The bank recently set up a debt capital market product and advisory team in China to focus on getting more local clients, DBS Group head of fixed income Clifford Lee said in an interview. It will be run by three bankers in Shanghai and Beijing led by Mr Cleaven Yu, who was appointed head of its China fixed-income origination team in June, he added.
"We expect that China's need for debt financing will only continue to grow, driven by factors such as the country's rising bank capital and infrastructure financing needs," said Mr Lee.
Chinese borrowers have been the dominant force for Asia's dollar bond issuance, making up about 60 per cent of the US$198 billion (S$270 billion) of notes sold so far this year, Bloomberg-compiled data shows. DBS currently ranks 10th among the bond managers with 81 bonds, of which more than half are from Chinese companies.
DBS' move signals an effort to place the South-east Asian bank closer to Chinese firms, as it seeks to attract more business from the world's second-biggest economy, which is gradually opening up its financial markets.
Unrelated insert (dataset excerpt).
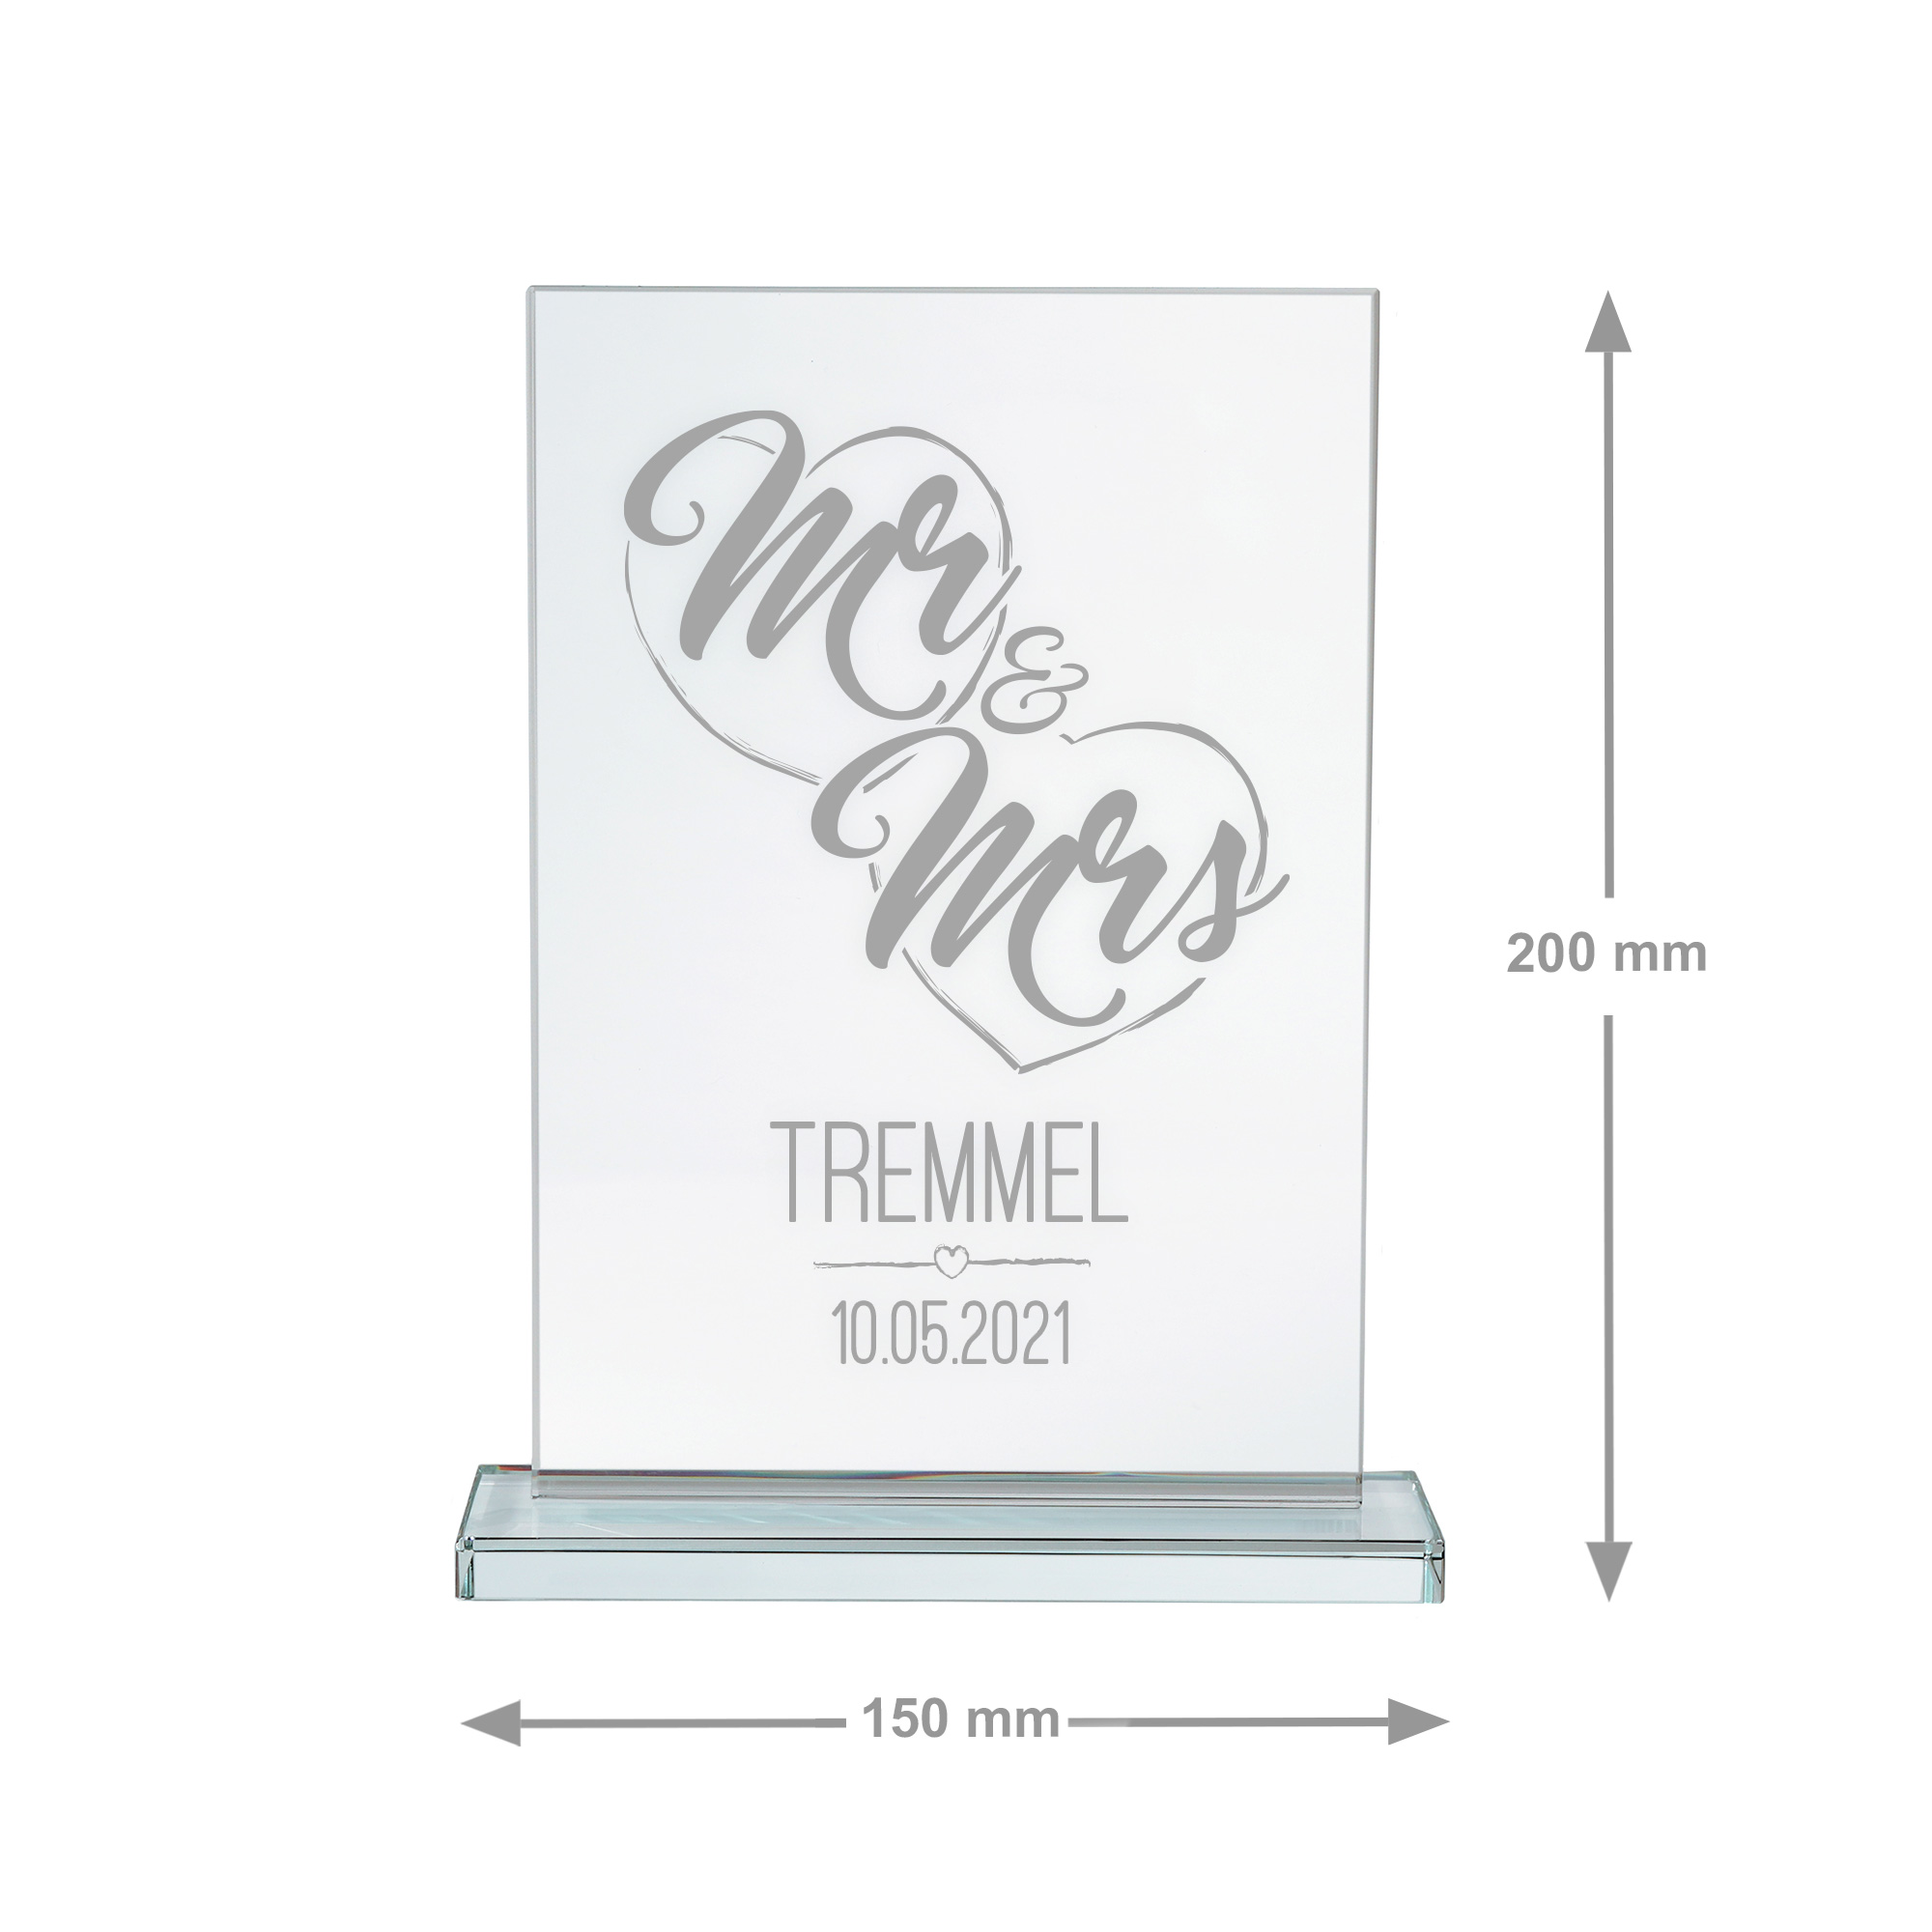 Glas Pokal für Paare, gravierte Glasdeko zur Hochzeit oder Hochzeitstag, Tischdeko Glaspokal mit Gravur Mr & Mrs, personalisierte Glastrophäe mit So

Lenders from across the globe are also seeking to capitalise on China Inc's demand for foreign funding amid a deleveraging campaign that has kept local borrowing costs elevated.
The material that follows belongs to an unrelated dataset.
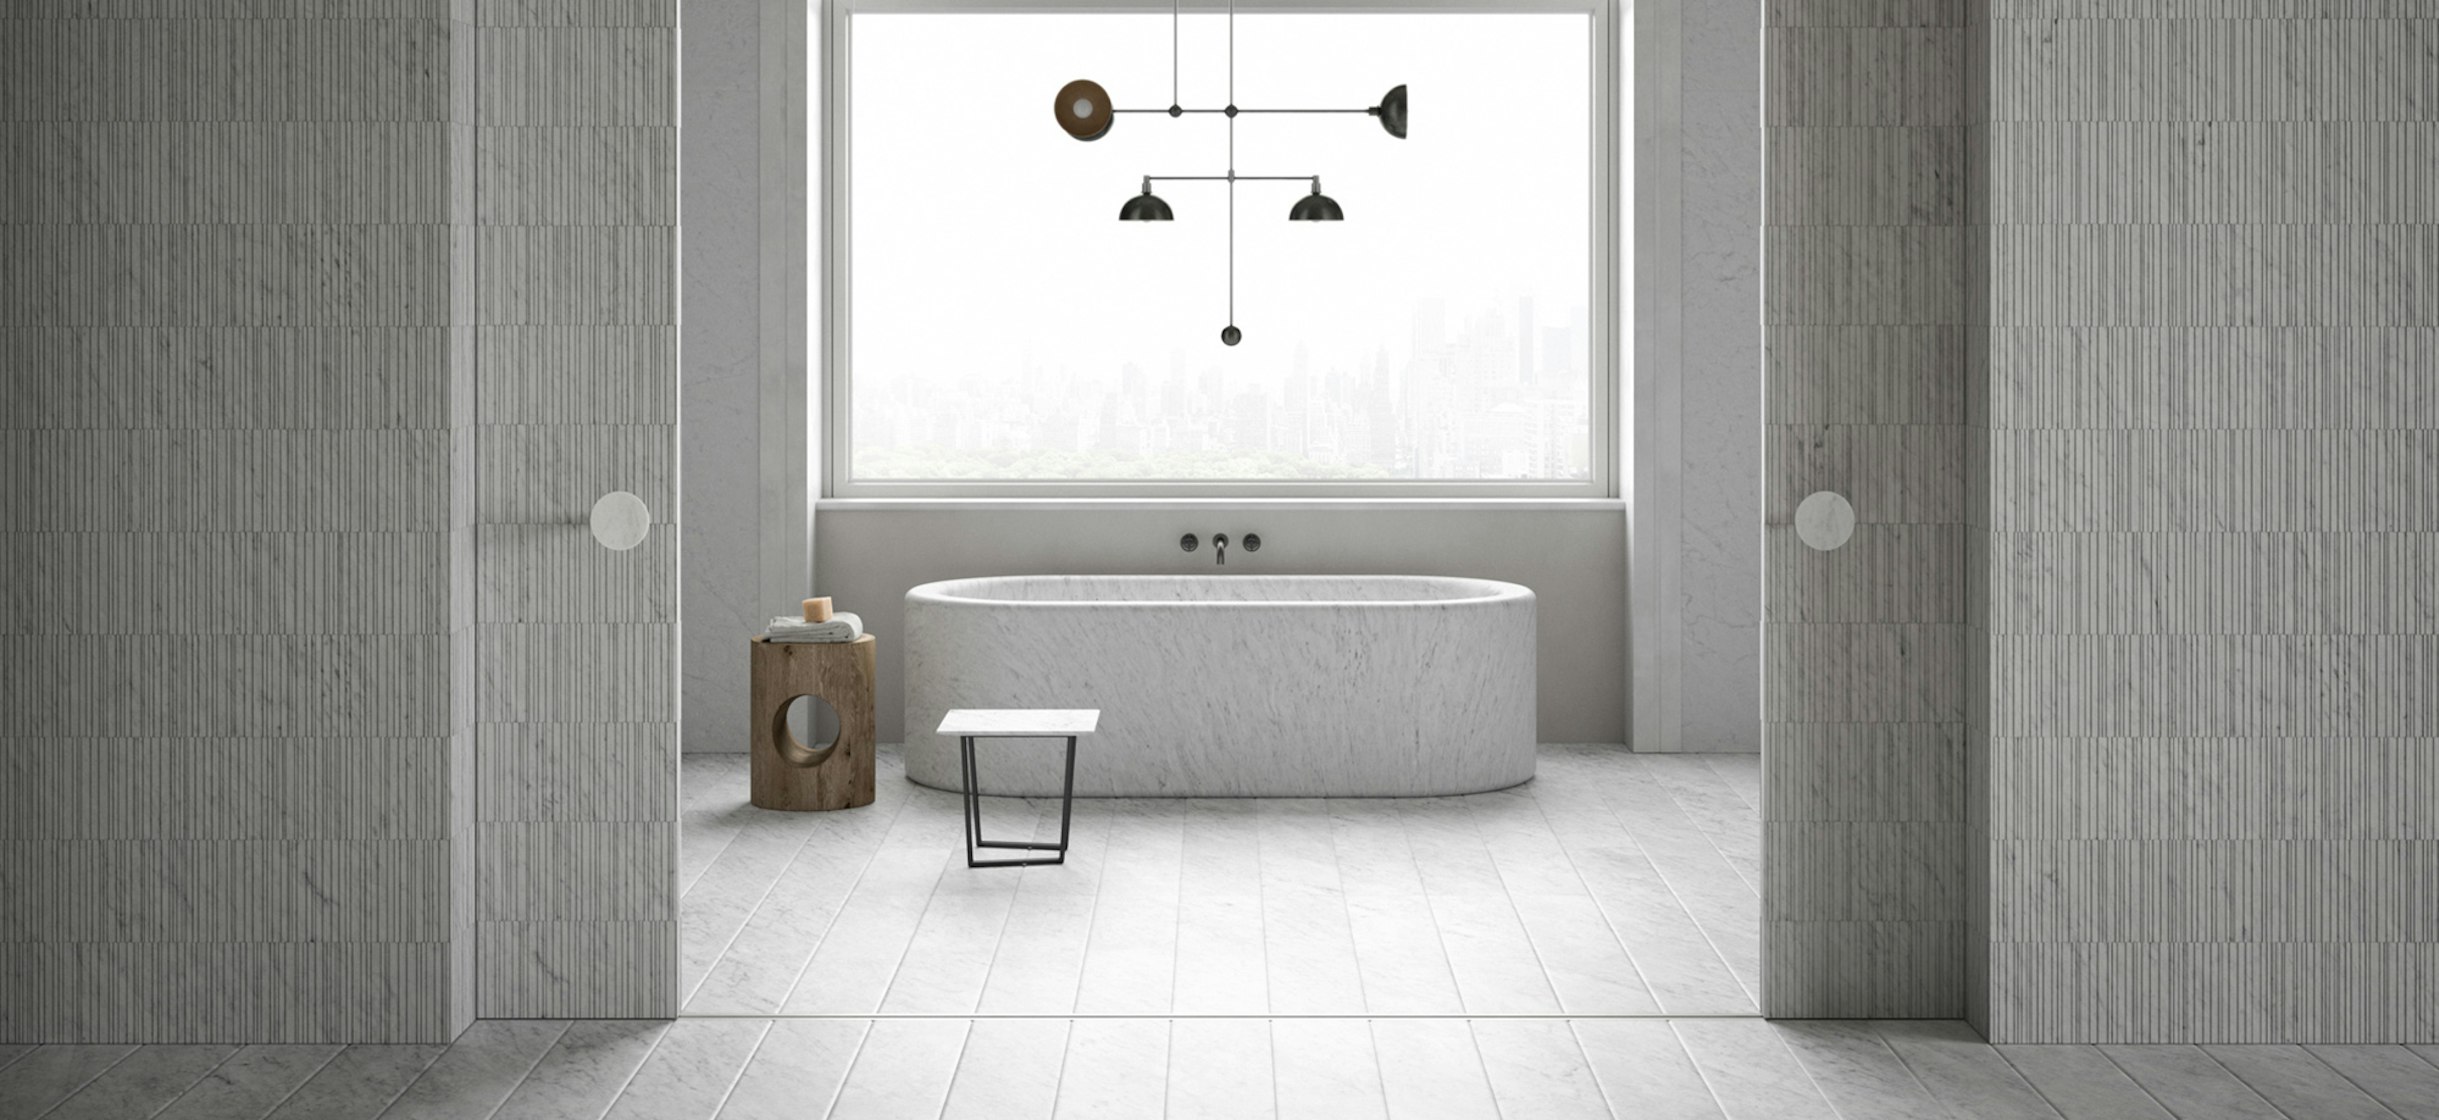 2021-04-banner_stories_bathroom-interior-ideas

"Being closer to the ground will further enhance our understanding of the local market, especially as regulations continue to develop," said Mr Lee. The landscape has also become "more conducive" for international banks to explore opportunities, he added.
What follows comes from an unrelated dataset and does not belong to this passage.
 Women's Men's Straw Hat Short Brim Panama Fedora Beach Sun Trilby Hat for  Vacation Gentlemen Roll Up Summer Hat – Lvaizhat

GAINING BETTER UNDERSTANDING
Being closer to the ground will further enhance our understanding of the local market, especially as regulations continue to develop.
MR CLIFFORD LEE, head of fixed income at DBS Group, on the new debt capital market product and advisory team in China.
Despite China being the linchpin of Asia's dollar bond market, corporate governance concerns have remained one of the big risks to investing in some of the nation's bonds.
Take the case of China Huiyuan Juice Group, a junk-rated drinks maker. Its dollar bonds slumped to record lows in April after the company disclosed that loans it gave to another firm with links to its chairman were in breach of stock exchange listing rules.
Then there was China Energy Reserve & Chemicals Group, previously seen as a solid bet. Investors learnt the hard way on May 25 that a pledge to repay a bond can be reversed within hours. The company said it planned to repay its overdue US$350 million notes and a coupon on its 2019 bonds, sparking a rebound in its notes, only to say later that day it had insufficient funds in its trustee account to meet both the obligations. That sent the notes tumbling once again.
Providing more transparency to follow-up information disclosures by issuers is a priority for DBS, said Mr Lee. "When we bring debut Chinese issuers that are much less known to non-Chinese investors, this has become extremely important amid the current volatile market where investors' confidence has somehow weakened."